Langmead has developed a version of this new software that gives users working in these commercial cloud platforms the ability, with a few simple keystrokes, to abide by all of the dbGaP rules concerning encrypted data and network privacy.
“Basically, this is a big step toward making this whole ordeal into a push-a-button kind of thing,” he says. “If the science community can agree that doing this kind of configuration in a commercial cloud cluster is sufficient to adhere to the privacy rules, it’s going to make getting into this data much easier and less time-consuming.”
A Search Solution
Once it gets easier to get into the data, says Benjamin Langmead, researchers will also need new tools to help them find what they’re looking for. Langmead compares the current state of affairs in these databases to the earliest days of the internet, before the invention of search engines.
“This is an analogy that doesn’t work too well with undergrads, right?” he says with a laugh. “They don’t remember the days before Google.”
The analogy that works better with the younger set involves Wikipedia. He sometimes asks his students to imagine a situation where looking something up necessitated downloading the entire encyclopedia onto your computer in a compressed file and then decompressing it—and then guessing as to which mix of search terms might turn up relevant material.
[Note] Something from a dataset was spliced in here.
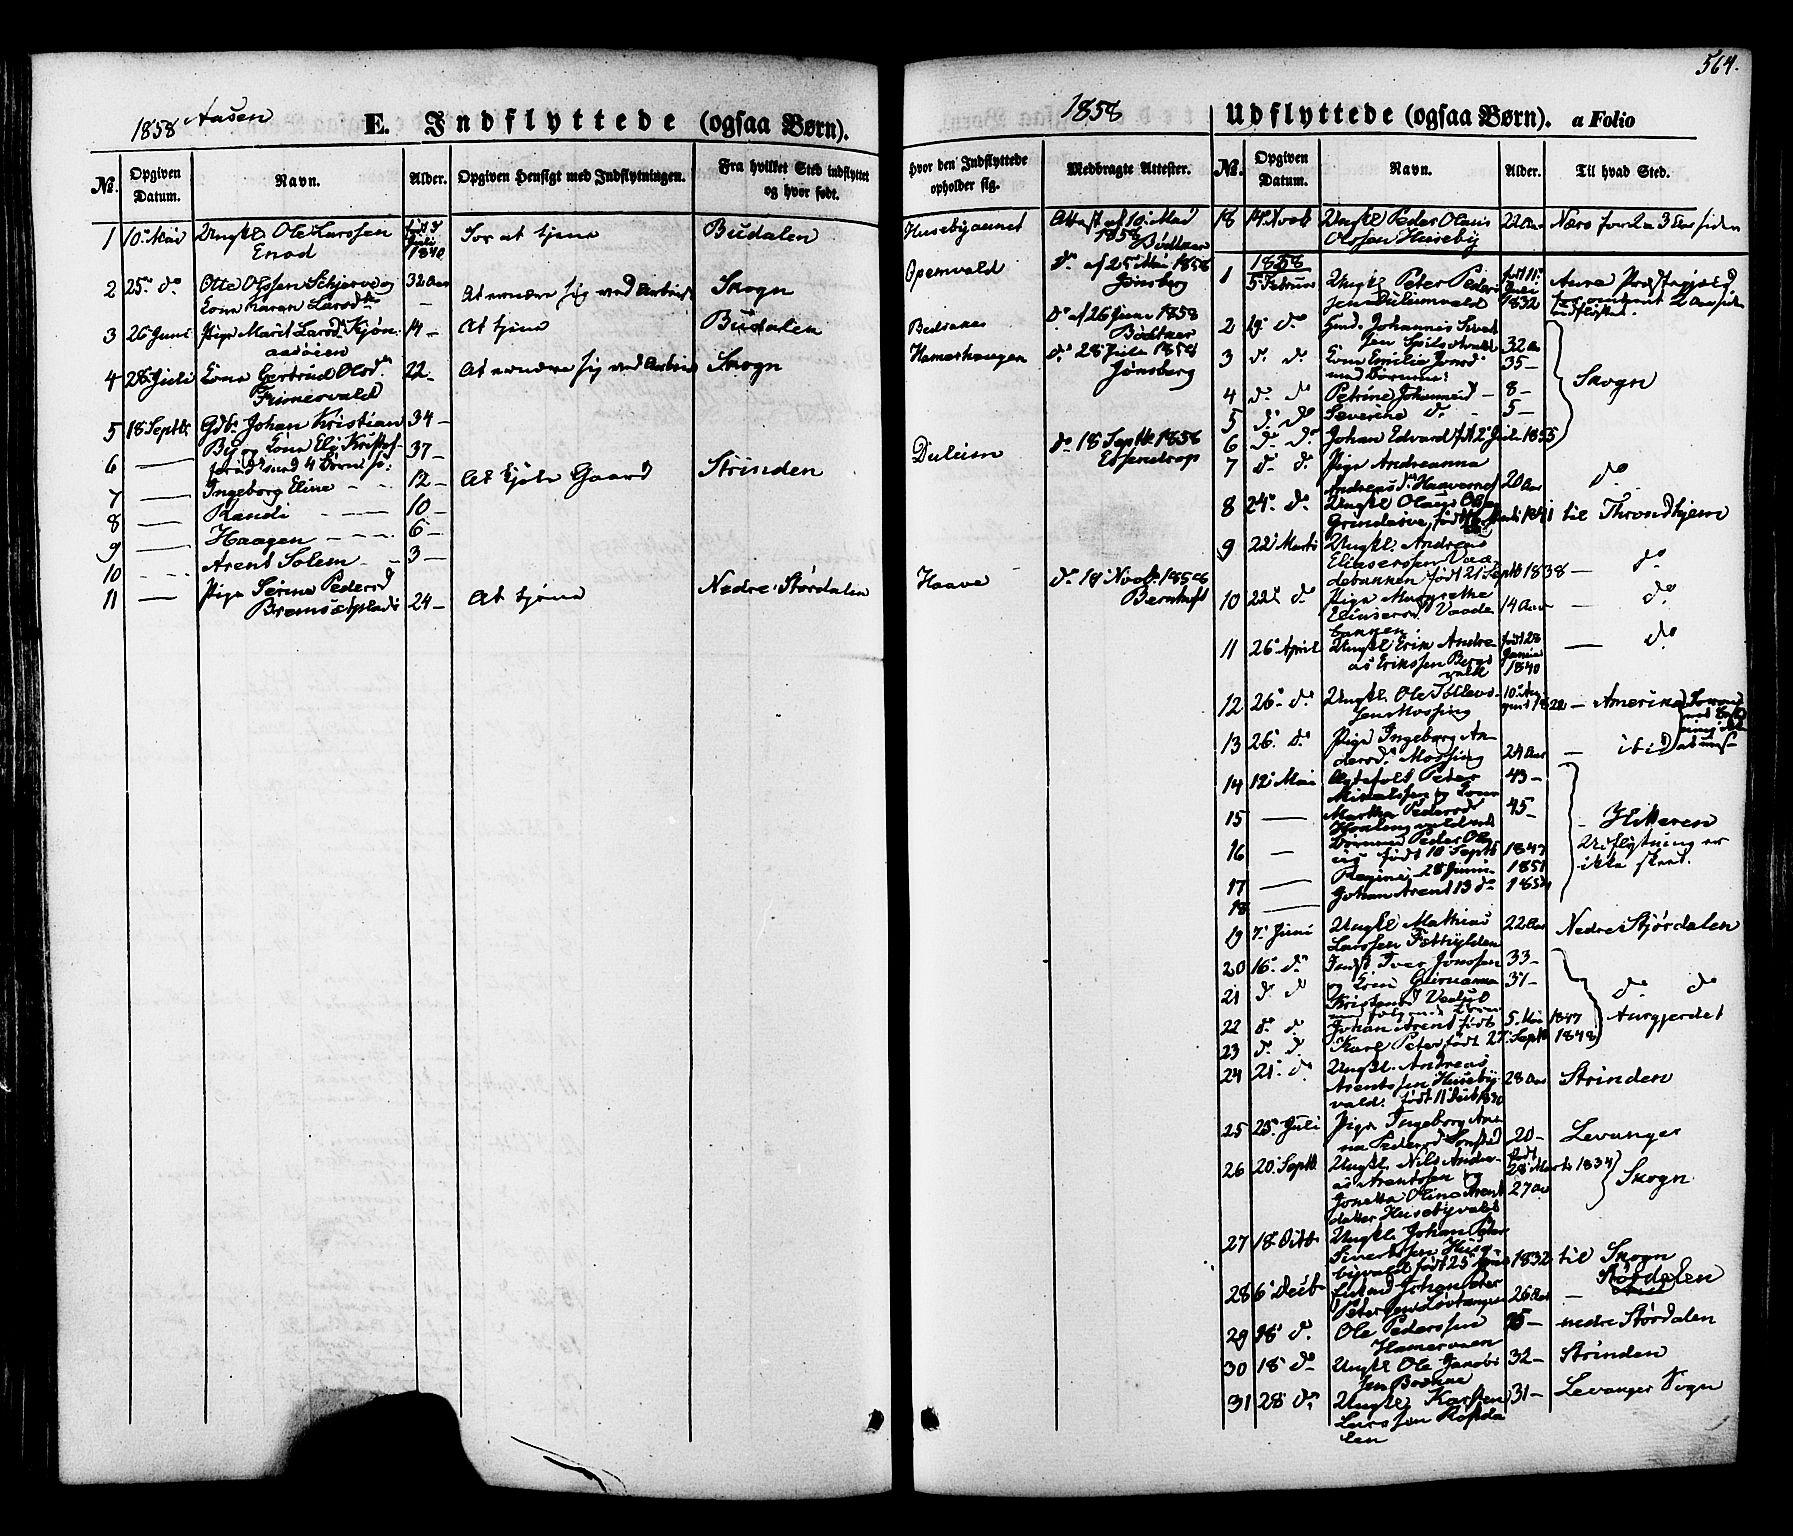 SAT, Ministerialprotokoller, klokkerbøker og fødselsregistre - Nord-Trøndelag, 713/L0116: Ministerialbok nr. 713A07 /2, 1850-1877, s. 564

“In some ways, it’s still early days in this field,” Langmead says. “We need something that lets people leverage subsets of this data in easier ways.”
The idea Langmead is working on isn’t fully conceptualized yet, and the end product won’t be nearly as seamless as Google is for laypeople. The strategy he is looking at would organize sequencing data into hubs built around the most popular and important topics researchers are exploring.
“It’s probably going to end up where there is one hub where people can go ask questions about differential gene expression and then maybe there is another one where people can go and ask about rare genetic variations,” he explains. “It needs to be something that can be used by the kind of person who’s wearing a lab coat and doesn’t have any special computational training. We need to make these archives easier for those typical biologists to use.”